Mohon tunggu...
Fifin Nurdiyana
Fifin Nurdiyana Mohon Tunggu... Administrasi - PNS

PNS, Social Worker, Blogger and also a Mom

Selanjutnya

Tutup

Love Artikel Utama

Intervensi Konten bagi Keharmonisan Rumah Tangga, Seberapa Mengkhawatirkan?

1 Februari 2023   17:59 Diperbarui: 17 Februari 2023   13:21 427
+
Laporkan Konten
Laporkan Akun
Kompasiana adalah platform blog. Konten ini menjadi tanggung jawab bloger dan tidak mewakili pandangan redaksi Kompas.
Lihat foto
Menggunakan media sosial meningkatkan depresi (freepik/garetsvisual)

Beberapa waktu lalu saya dapati seorang teman menangis tersedu sembari melihat sebuah konten di media sosial. 

Usut punya usut, ternyata ia merasa sedih melihat konten seorang perempuan yang terpaksa bercerai karena suaminya selingkuh. 

Kehidupan perempuan itu pun diliputi dengan kepedihan pasca bercerai, mulai dari kesulitan ekonomi, kehilangan kepercayaan diri hingga dipaksa harus mandiri untuk membesarkan anak-anaknya.

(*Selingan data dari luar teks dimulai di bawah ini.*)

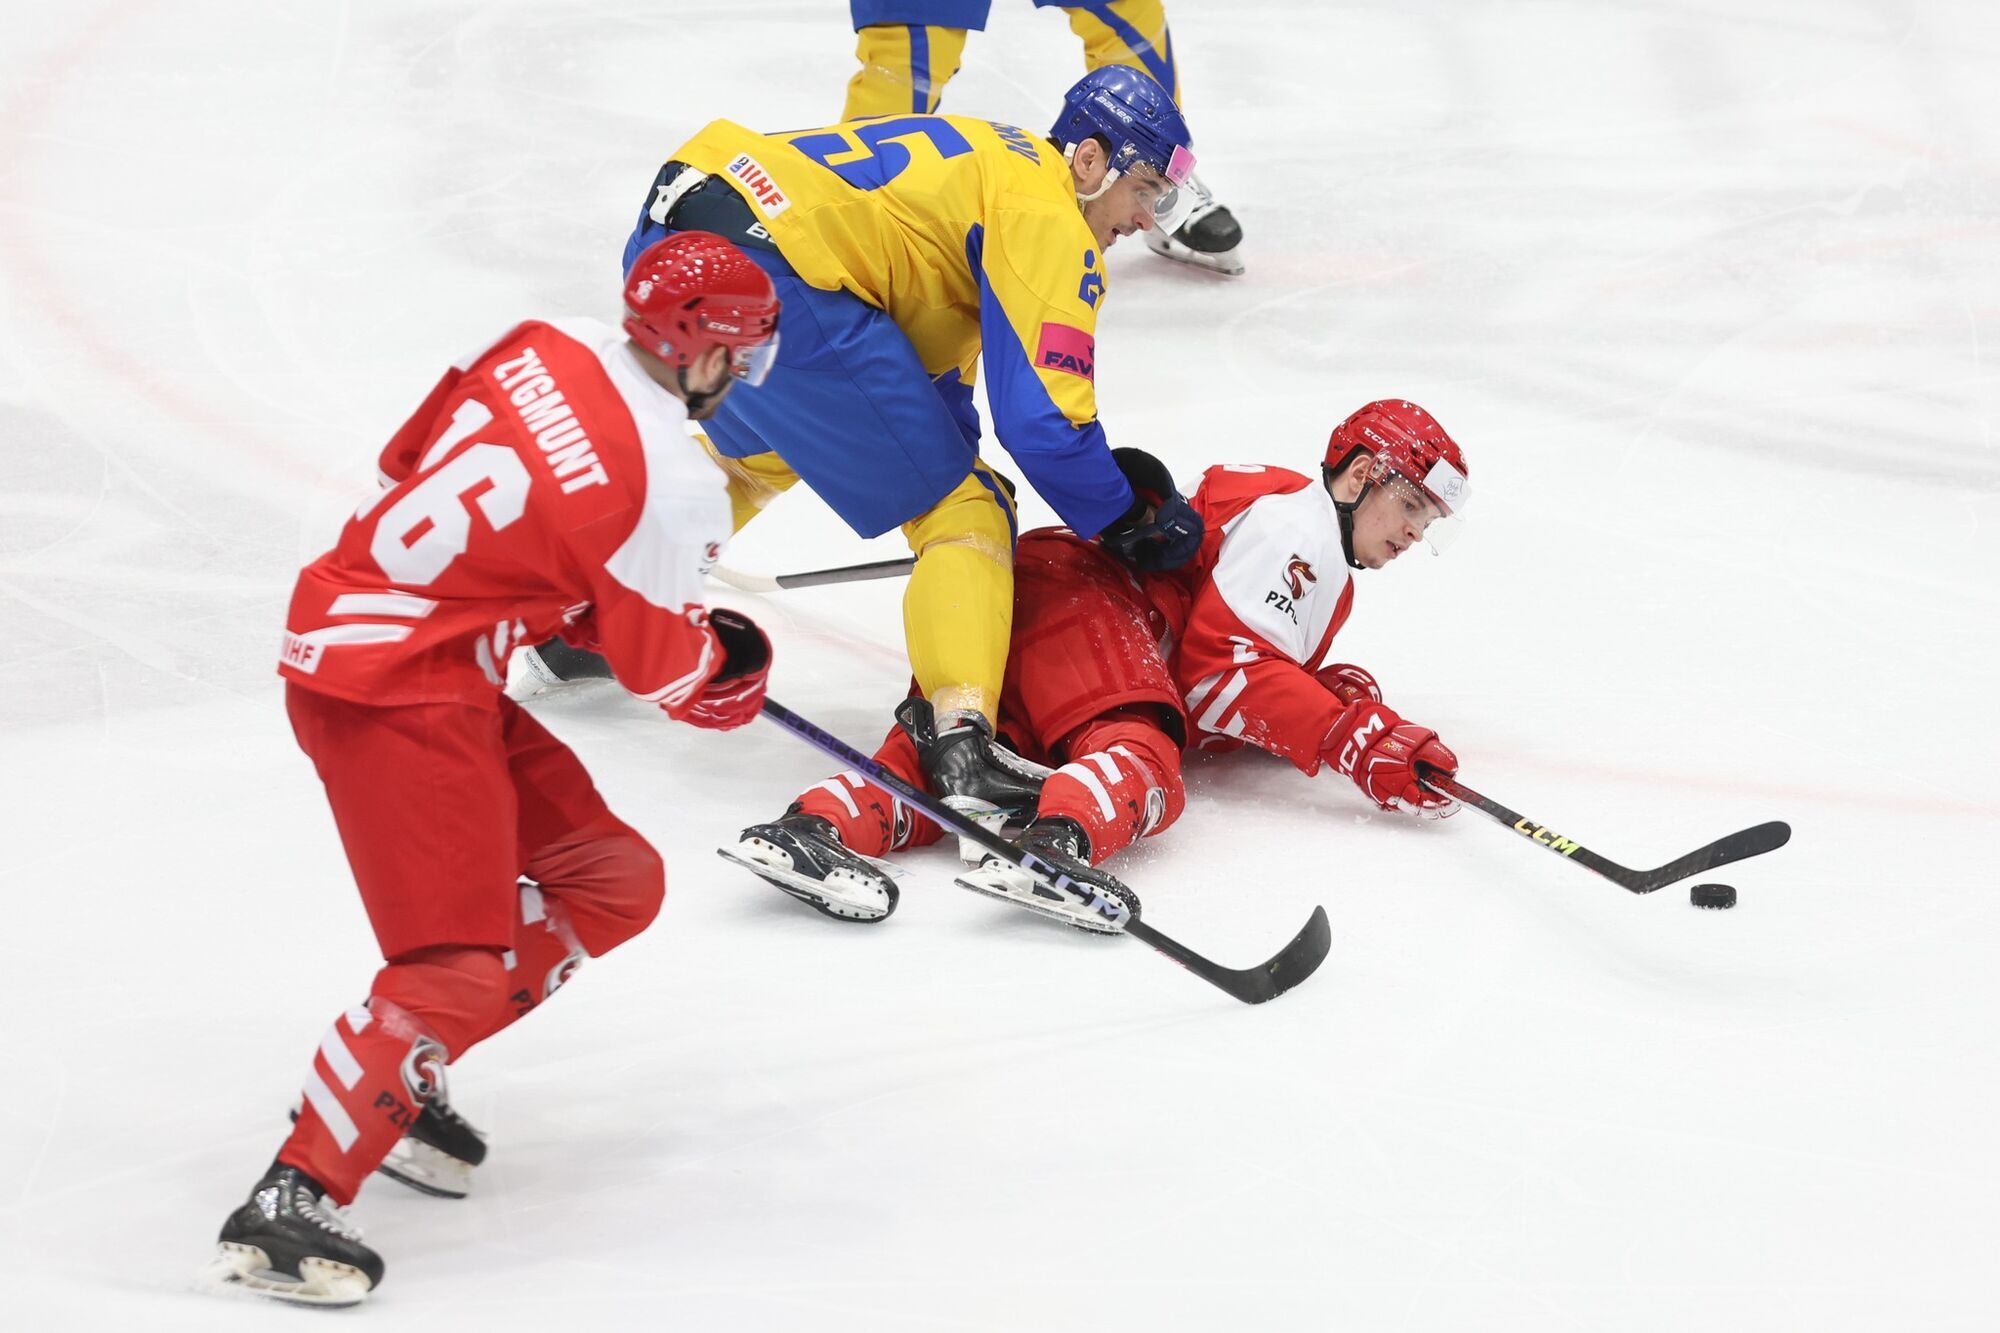 Грандіозна сенсація! Україна здобула драматичну перемогу у Польщі у кваліфікації Олімпіади-2026 з хокею. Відео

Lantas, teman saya berkata pada suaminya, "Kamu jangan kayak gini ya pa...jangan selingkuh...jangan ceraikan aku...hiksss..."

Sang suami pun terbahak, pun denganku yang melihat ungkapan hati temanku, "'Kok jadi aku sih ?!" Protes suaminya

Fenomena seperti ini pasti tidak sedikit yang mengalami. Sedikit banyak isi konten akan mengintervensi diri penontonnya terhadap lingkungan di sekitarnya. 

Jika kontennya bahagia pasti akan terucap "kamu kok gak pernah giniin aku sih pa ?" atau "lihat ni pa...kalau ikhlas belanjain istri pasti rezekinya lancar..."

Nah, jika kontennya sedih, kira-kira seperti yang teman saya ucapkan tadi. Atau kalau yang lebih ekstrim akan bernada ancaman, seperti "Awas ya kalau kamu selingkuh! Udah pasti habis kamu aku buat!"

Luar biasa ya dampak intervensi sebuah konten terhadap keharmonisan rumah tangga. Meski kelihatan remeh, tapi ini bisa jadi bahaya yang mengancam keutuhan rumah tangga jika tidak disikapi dengan bijak.

Bayangkan, jika seorang istri tiba-tiba menuduh suaminya berselingkuh hanya karena memiliki ciri-ciri sikap yang mirip dengan di konten. Sementara sang suami dalam keadaan lelah setelah bekerja, apa tidak memicu terjadinya pertengkaran?

Atau tiba-tiba istri memantau HP suami dan menanyakan dengan detil isi chat suami dengan teman-temannya. Jika suami bukan tipikal pemarah mungkin tidak masalah, tapi bagaimana jika suami tipikal tidak suka ditanya-tanya secara detil, tentu ini akan menjadi konflik.

Ilustrasi seseorang mudah terintervensi oleh konten media sosial (sumber: lifestyle kompas.com)
Ilustrasi seseorang mudah terintervensi oleh konten media sosial (sumber: lifestyle kompas.com)

Disadari atau tidak, banyak para istri yang memiliki kadar was-was dan ketakutan meningkat sejak adanya beragam konten tentang rumah tangga di media sosial.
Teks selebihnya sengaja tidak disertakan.